The day began early with bright blue skies and a hint of wistful breezes in the air. I could hear the robins outside my window playing in the pecan tree. Two frolicking squirrels were leaping from branch to branch collecting what they could for an early breakfast. Honestly, I felt as if I were in a Disney princess movie. I waited for the little mice to suddenly appear to help me dress and make my breakfast. Thank goodness, it didn’t happen. I don’t think I would have been that thrilled to see scurrying grey creatures and their little black droppings all through my kitchen, anyway. So I got out of bed, dressed myself, and toasted my own bagel for breakfast.
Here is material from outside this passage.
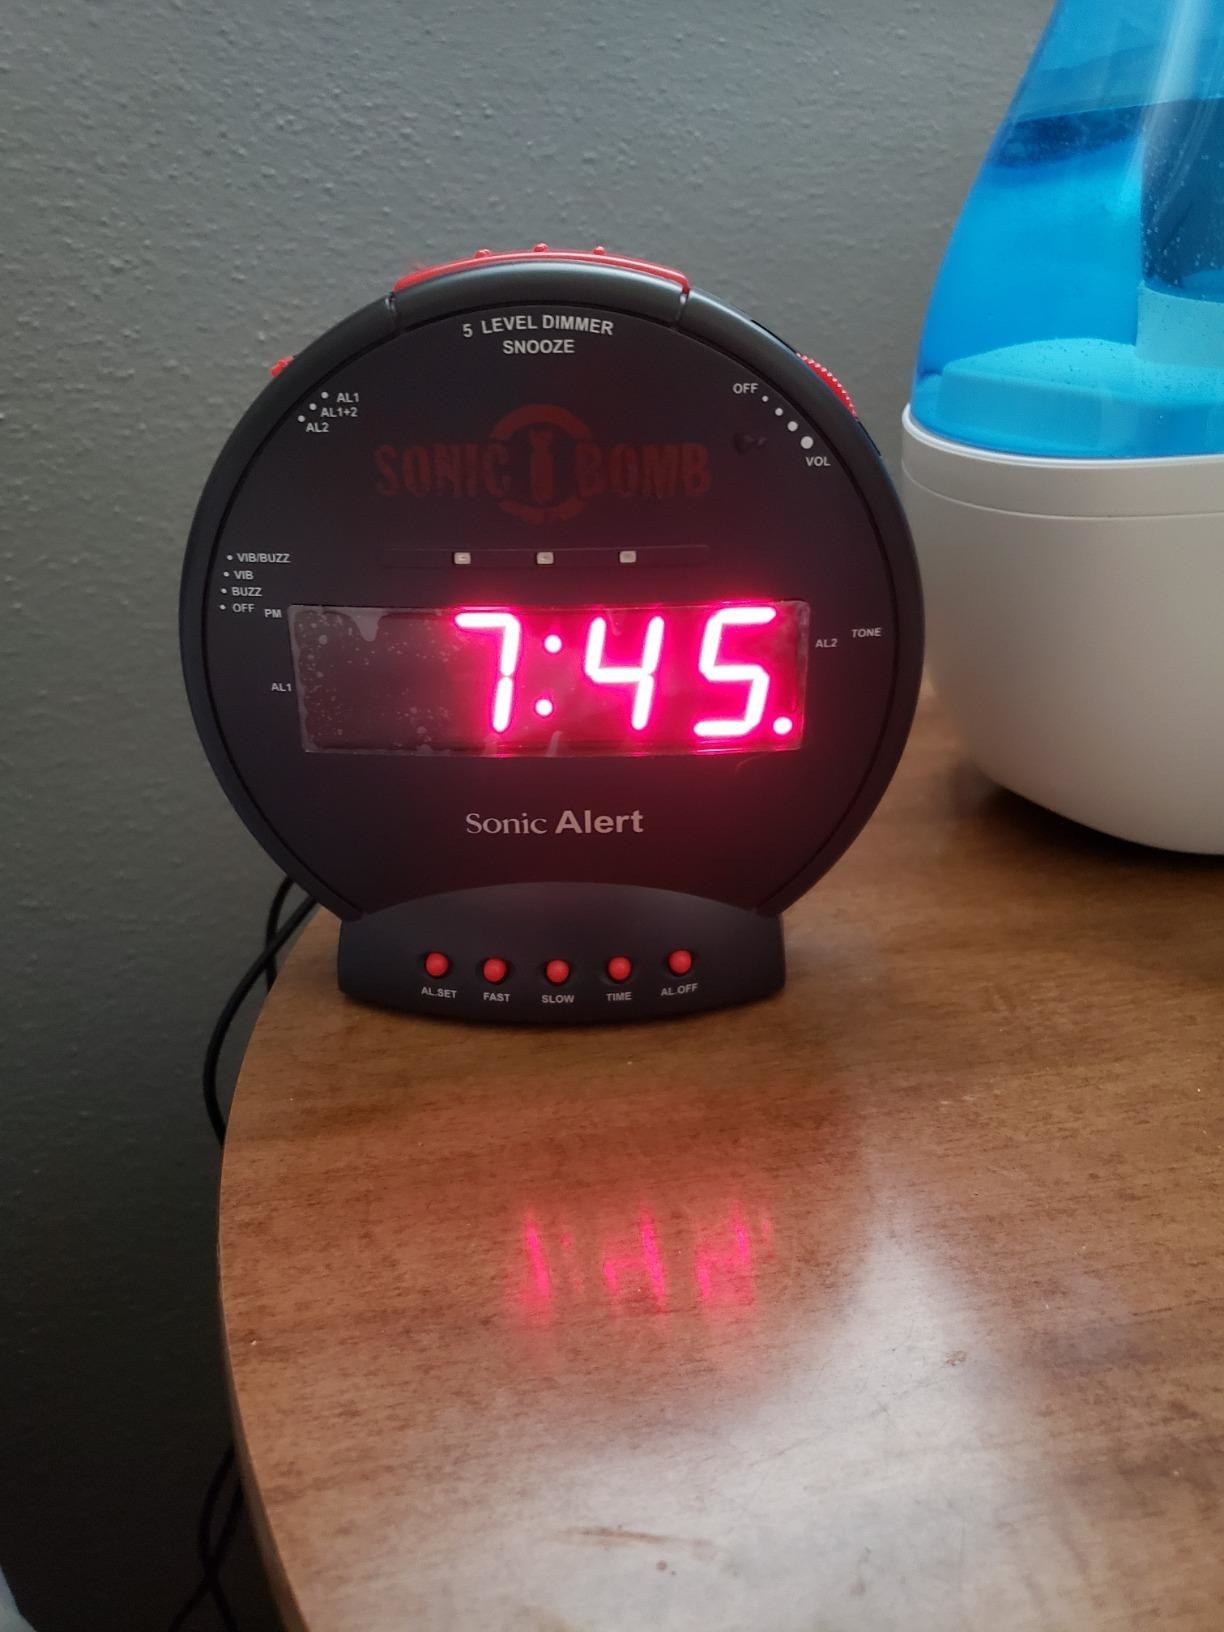 The clock with digital time reading

After about an hour on Facebook and a few annoying calls on my phone, I went outside to sit on my front porch. If I have the day off from work, you can be sure I’m going to be relaxing at home doing whatever I please. Today was no exception. Yet I felt a bit anxious. I couldn’t sit still for some reason. I wanted to do something different, but I wasn’t sure what that was. In my head, I knew I should be cleaning. My house was a mess. The insides of my refrigerator needed to be permanently banished to the trash can. The dust bunnies and monsters under my bed were setting up townships and city ordinances. And seriously, whatever blew up in my bathroom should have been declared a state-wide emergency, The troops should have been deployed.

But the sun was shining. The birds were singing. Fluffy little dandelion heads were bobbing up and down in the wind. Cleaning the house was work. And today was my day off from the ritualistic torture of customer service I provided every other day of my life. I stood up from my rocking chair, shook my head, and emphatically declared, “NO. I’m not cleaning today.”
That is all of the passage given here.